Petroleum coke contains a significant amount of carbon and is a by-product of crude oil refinement. This highly combustible material is often used as fuel for power generation or in cement production. It is also used as a raw material for producing graphite electrodes. This market is expected to grow slowly due to the competition from other carbon materials. Furthermore, international trade policies and import/export restrictions can affect supply chain operations.

The calcined coke market should also be driven primarily by increased construction and infrastructure. For instance, construction of bridges, roads, and dams in countries like India, China, or Singapore will increase the demand. The growing steel industry is also expected to increase the demand for calcined petrol coke.

The calcined petroleum coke market is further segmented by type, application, and geography. By type, the market can be divided into needle, shot, sponge, and honeycomb. By application, the market is divided into fuel, aluminum, bricks & glass, paints & coatings, titanium dioxide, and steel. The calcined petroleum coke market by geography is divided into North America, South America, Europe, Asia Pacific, and Rest of the World.

Many manufacturers are looking to reduce costs and improve their manufacturing processes as the market for calcined petrol coke continues to grow. One way is to invest new equipment or technology that can reduce waste. A second strategy is to create partnerships with other companies within the industry, like aluminum and steel producers. They can then share resources, and improve efficiency.

The calcined petcoke market is also driven by the increasing investments of key manufacturers. For example, in 2023, Emirates Global Aluminum (EGA) signed a deal with BP to develop a calcined petcoke mixing plant. This partnership will enable EGA to secure an additional supply of low sulfur calcined petcoke for its aluminum plants.

The global calcined petroleum coke market is also driven by the increasing production of aluminum. The Asian region, in particular, has seen a significant increase in production due to economic reforms and infrastructure development. This trend is expected to continue over the forecast period.

In addition to these factors, the market is impacted by the changing government regulations and severe weather conditions. For example, in 2016, the Indian government demonetized all 500 and 1000 rupee banknotes, leading to cash shortages and reducing demand for cement, which in turn reduced calcined petroleum coke demand.

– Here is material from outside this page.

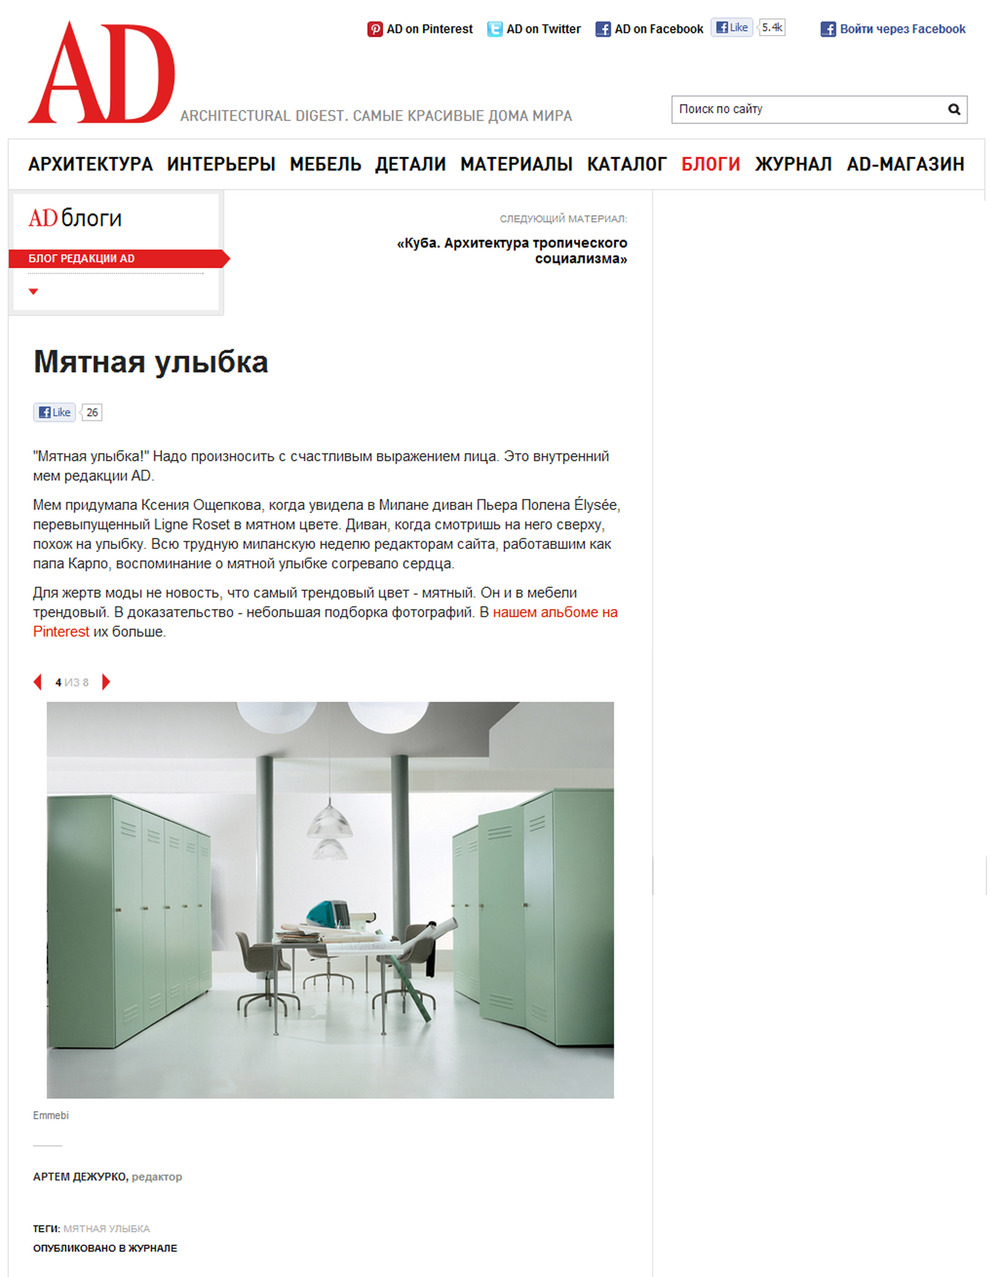 www.admagazine.ru 10 Settembre 2012 Russia.jpg

In order to curb pollution caused by the burning of petcoke, many countries have imposed strict emission standards on their refineries. These regulations led to the formation a global coalition known as MARPOL or the Marine Pollution Convention. It has over 180 members. The implementation of this code has led to a decrease in the use of fuel grade petcoke, as it is more costly than calcined petroleum coke. GPC may still be used for gasification, cement, lime-kiln, and calcium carbide industries, depending on the actual user.